Analysis Summary

A newly discovered zero-day vulnerability affects all Windows versions from Windows 7 and Server 2008 R2 to Windows 11 v24H2 and Server 2025. This flaw allows attackers to capture users' NTLM authentication credentials simply by having them view a malicious file in Windows Explorer. The attack can be triggered through various means, including opening a shared folder, inserting a USB drive with the file, or even browsing a directory where the file was previously downloaded. This vulnerability shares attack similarities with the previously patched CVE-2025-21377 but stems from a different, undisclosed technical issue.

While Microsoft has yet to release an official patch, security researchers confirm the vulnerability is actively exploited in real-world attacks. Although it is not classified as critical, the flaw is dangerous in environments where attackers already have network access or can relay stolen credentials via public-facing servers like Microsoft Exchange.

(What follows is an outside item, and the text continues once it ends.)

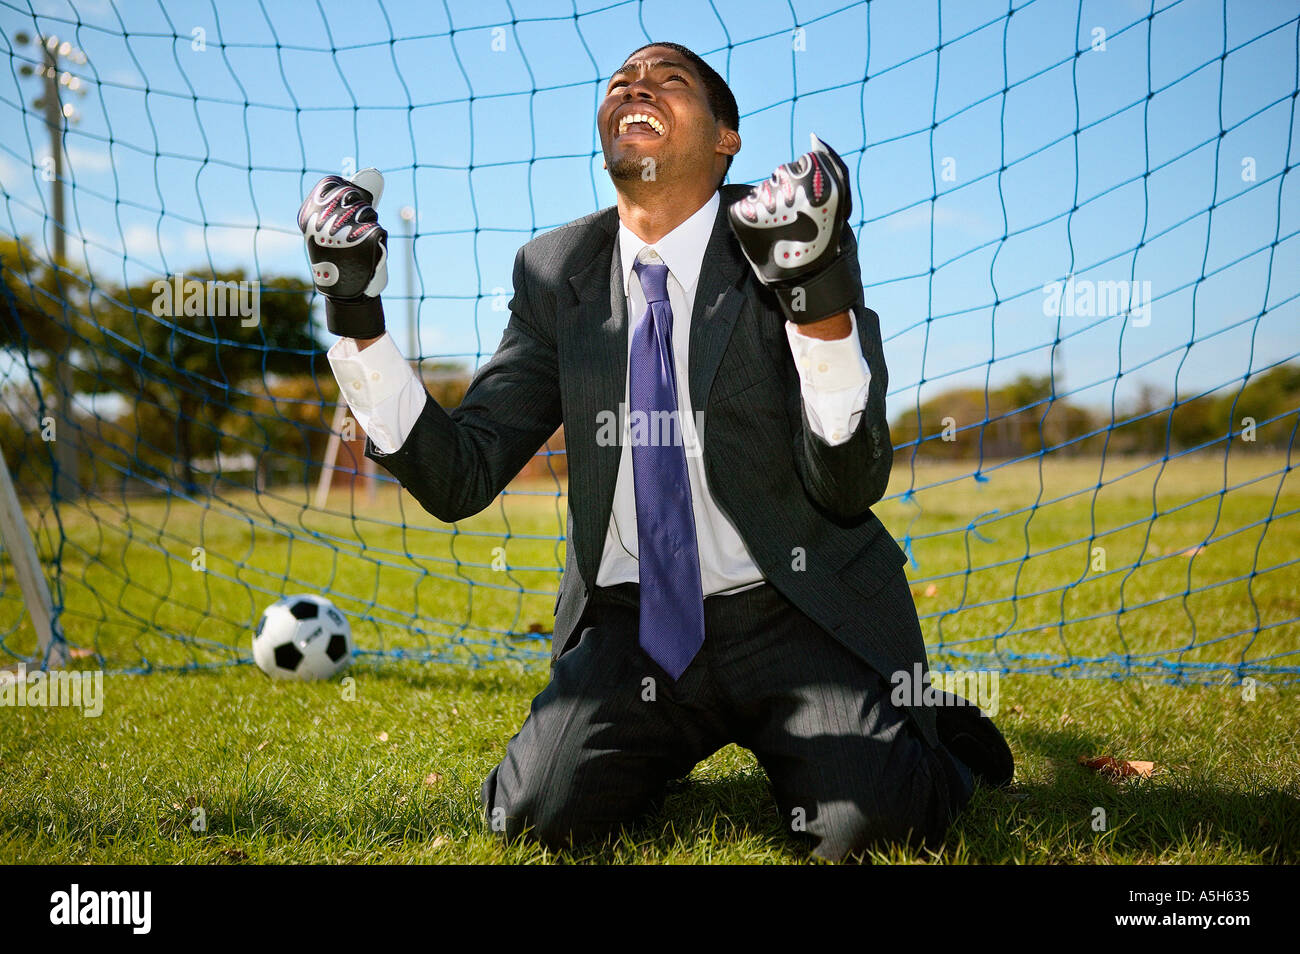 Defeated goalkeeper - Stock Image

Security teams have reported the issue to Microsoft, and temporary mitigation is available through micropatches from 0patch. These patches are free until Microsoft provides a permanent fix.

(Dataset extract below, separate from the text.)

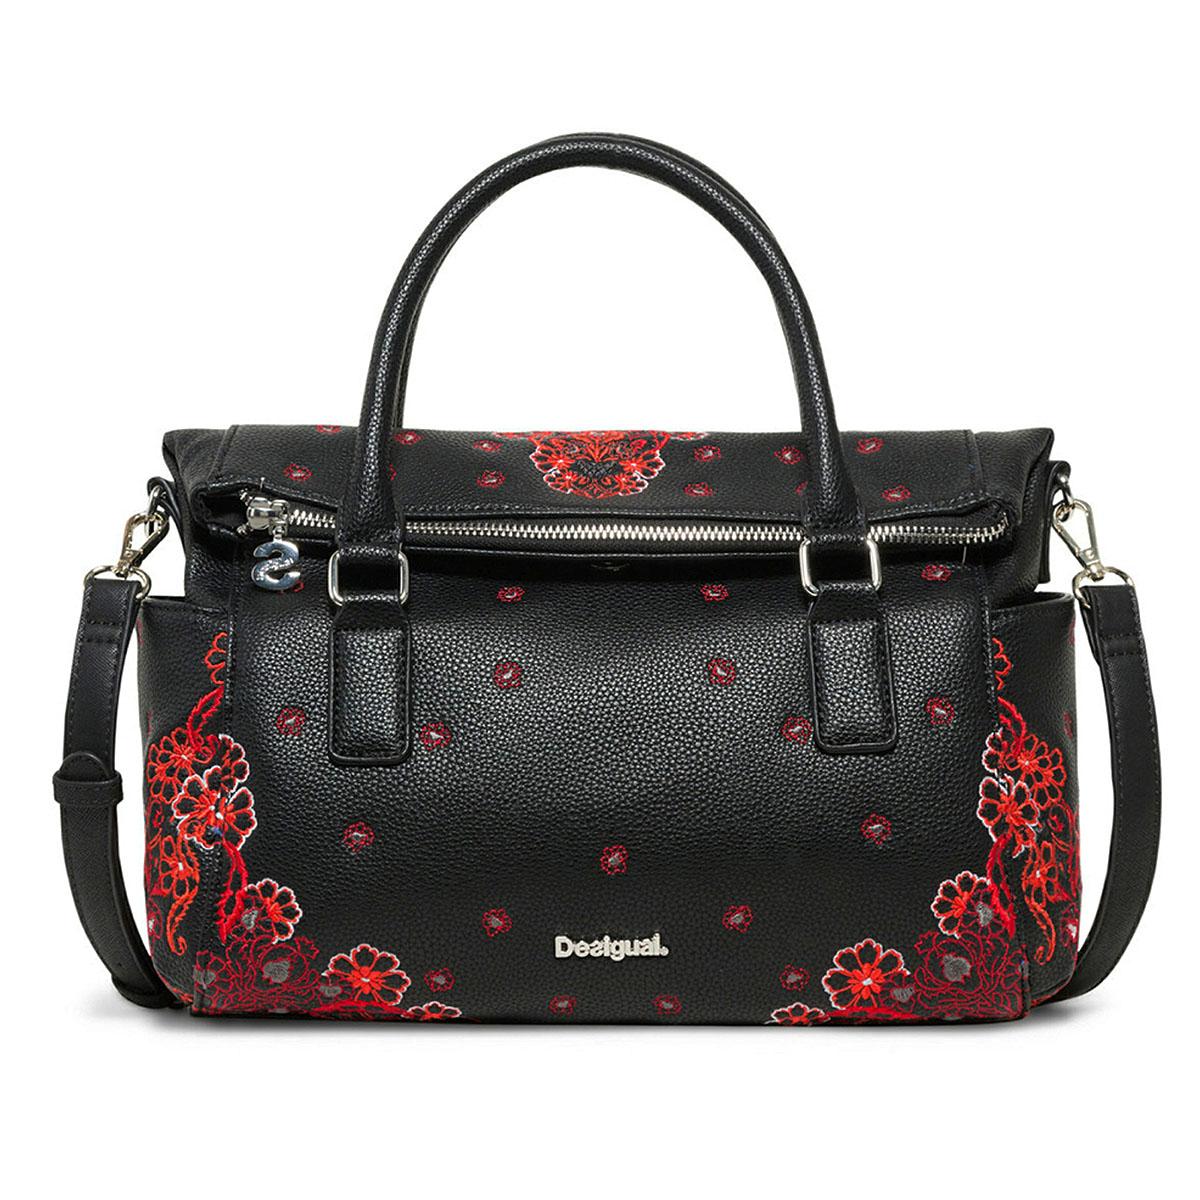 981d288740340 Desigual Handtasche Tasche Bols Manuela Foulard Loverty 18WAXPCC 2000

The security researchers responsible for this discovery have previously identified several major vulnerabilities, including the Windows Theme file issue (CVE-2025-21308), a Mark of the Web issue in Server 2012 (still unpatched), and the URL File NTLM Hash Disclosure Vulnerability (CVE-2025-21377). Additionally, the “EventLogCrasher” vulnerability, which allows attackers to disable Windows event logging across domain computers, remains unresolved. This latest NTLM credential theft flaw adds to a growing list of security concerns that require urgent attention from Microsoft.

The temporary micropatches cover a wide range of affected Windows versions, including both legacy and currently supported editions. The patches are automatically deployed to systems with the 0patch Agent installed under PRO or Enterprise accounts, requiring no system reboots. Users can protect their systems by creating a free 0patch Central account, starting a trial, and installing the 0patch Agent to receive immediate protection while awaiting Microsoft's official security update.

Impact

• Sensitive Credentials Theft
• Remotely Gain Access

Remediation

• Install the free micropatches from 0patch to temporarily mitigate the vulnerability until Microsoft releases an official fix.
• Restrict NTLM authentication where possible and enforce stricter authentication protocols like Kerberos.
• Avoid opening unknown or suspicious files, especially from shared folders, USB drives, or downloaded locations.
• Use endpoint security solutions and SIEM tools to detect unusual NTLM authentication attempts.
• Limit access to critical systems and prevent attackers from moving laterally within the network.
• Regularly check for updates from Microsoft and apply the official patch as soon as it becomes available.
• These protocols are often used in NTLM relay attacks and should be disabled unless necessary.
• Reduce the risk of credential theft by enforcing MFA wherever feasible.